When expanding § 546(e), Congress intended to distinguish between a forward contract and an ordinary commodity purchase or sale. Id. at 3. Congress noted that “[t]he primary purpose of a forward contract is to hedge against possible fluctuations in the price of a commodity. This purpose is financial and risk-shifting in nature, as opposed to the primary purpose of an ordinary commodity contract, which is to arrange for the purchase and sale of the commodity. If the price of a commodity—such as crude oil or soybeans—rises or falls on some future date, the buyer or seller can minimize the risk involved through the use of forward contracts to offset the fluctuation in price from the date of the agreement to the actual date of transfer or delivery” Id. Acknowledging the purpose behind protecting forward contracts from avoidance, several bankruptcy courts have looked to the contracts' language, purpose, and the parties' motives in order to determine whether a certain contract qualifies as a “forward contract.” See MBS Management, 432 B.R. 570, 575 (Bankr.E.D.La.2010); National Gas Distributors, 369 B.R. 884, 894–95 (Bankr.E.D.N.C.2007) (distinguishing the Olympic case, and concluding that the contracts were nothing more than “simple supply contracts.”). For example, in MBS Management, Judge Magner heard testimony from an expert in commodity trading of electricity, who described the common attributes of forward contracts for the sale of electricity.
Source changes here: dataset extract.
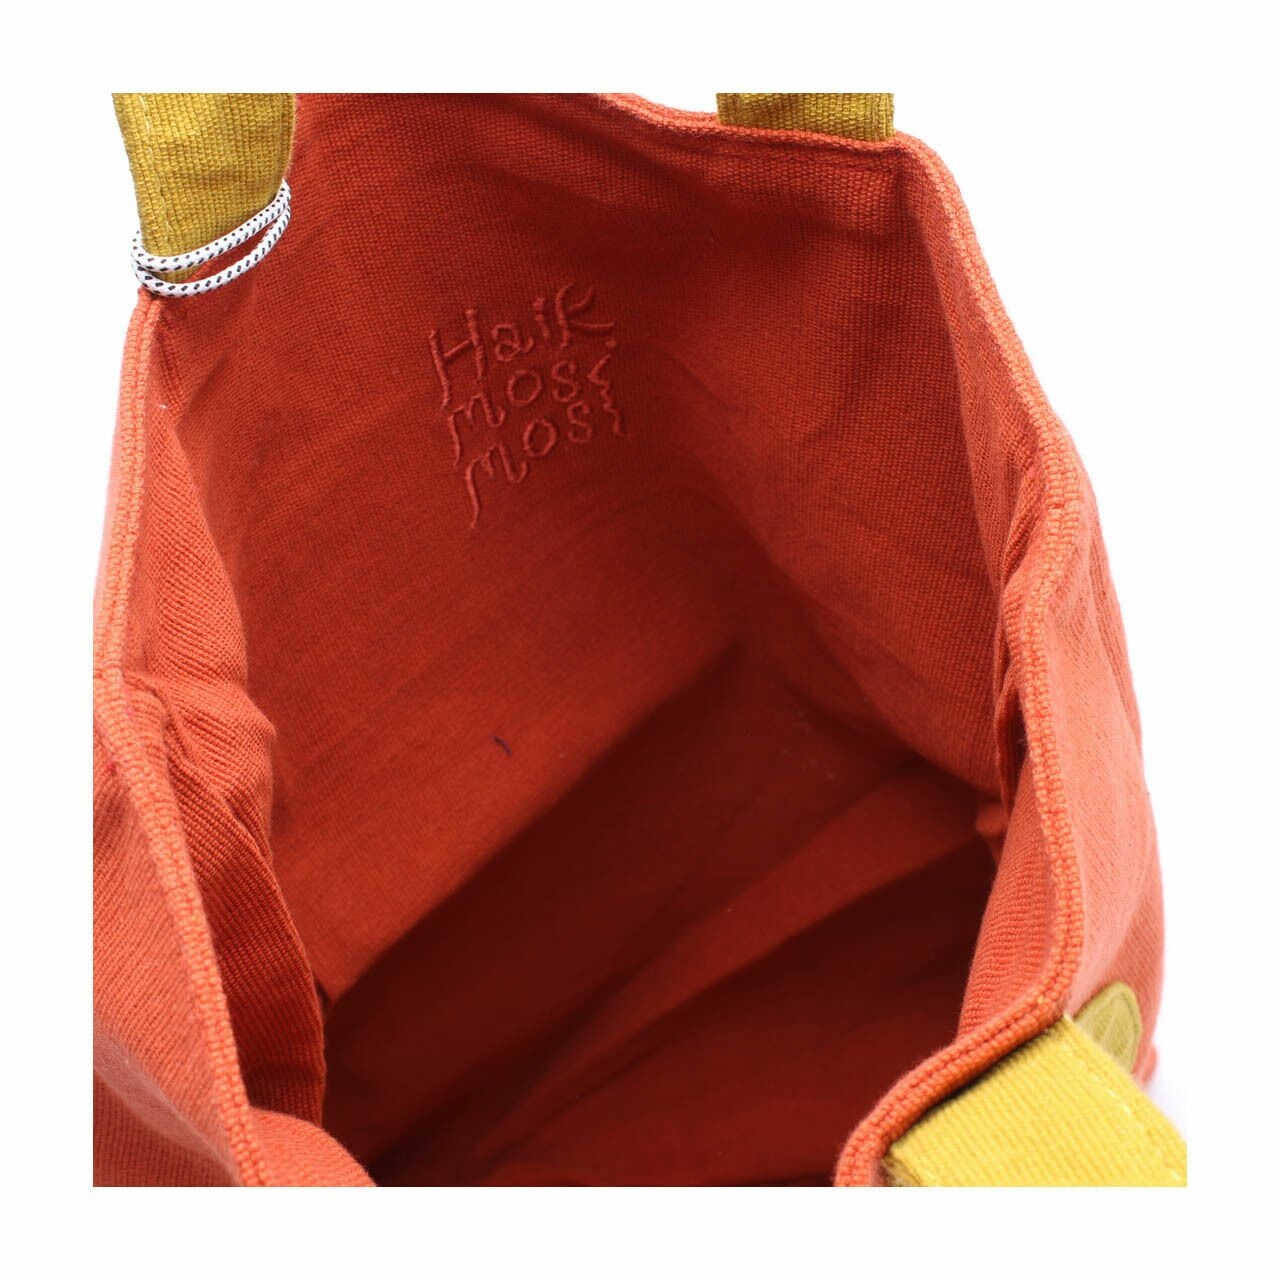 Haik Mosi Mosi Orange Yokogao Tote Bag

MBS Management, 432 B.R. at 575. The expert's testimony regarding the hedging nature of the contract satisfied the court that it was indeed a forward contract. Id.

While this background information is helpful in determining if the contracts at issue are the type of contracts Congress had in mind when enacting the Safe Harbor Provision of § 546(e), a proper analysis begins with the statutory language. Bankruptcy Code § 546(e) in relevant part provides:

“Notwithstanding sections 544, 545, 547, ..., the trustee may not avoid a transfer that is a ... settlement payment, as defined in section 101 or 741 of this title, made by or to (or for the benefit of) a commodity broker, forward contract merchant, stockbroker, financial institution, financial participant, or securities clearing agency ...”. 11 U.S.C. § 546(e) (emphasis added).

Because neither Plains nor the debtor has argued that either is a “commodity broker,” it is not necessary to analyze or apply any definitions provided in 11 U.S.C. § 761, even though the section is referenced in § 546(e). See 11 U.S.C. § 103(d) (“[s]ubchapter IV of chapter 7 of this title applies only in a case under such chapter concerning a commodity broker.”).

To establish a defense under § 546(e), the evidence must show that debtor's payments to Plains were: (1) settlement payments; (2) made to or by a “forward contract merchant.” These elements will be considered in turn.

1. Settlement Payment

The Bankruptcy Code defines “settlement payment” as, “for purposes of the forward contract provisions of this title, a preliminary settlement payment, a partial settlement payment, an interim settlement payment, a settlement payment on account, a final settlement payment, a net settlement payment, or any other similar payment commonly used in the forward contract trade.” 11 U.S.C. § 101(51A). While the statute's tautology does not provide defining characteristics, it is reasonably clear that a “settlement payment” follows the maturity of a forward contract and consists of the consideration to settle (or complete all obligations under) that contract. See generally In re Enron Creditors Recovery Corp., 422 B.R. 423, 440–41 (S.D.N.Y.2009) (implying that settlement payments generally arise at the maturity of a negotiable or financial instrument). Use of the phrase “settlement payment” rather than simply “payment” suggests that the obligation arose under a forward contract rather than a simple commodity purchase contract. Therefore, we must determine whether the contracts at issue are forward contracts before concluding that the payments fulfilling them qualify as settlement payments under § 546(e) and § 101(51A).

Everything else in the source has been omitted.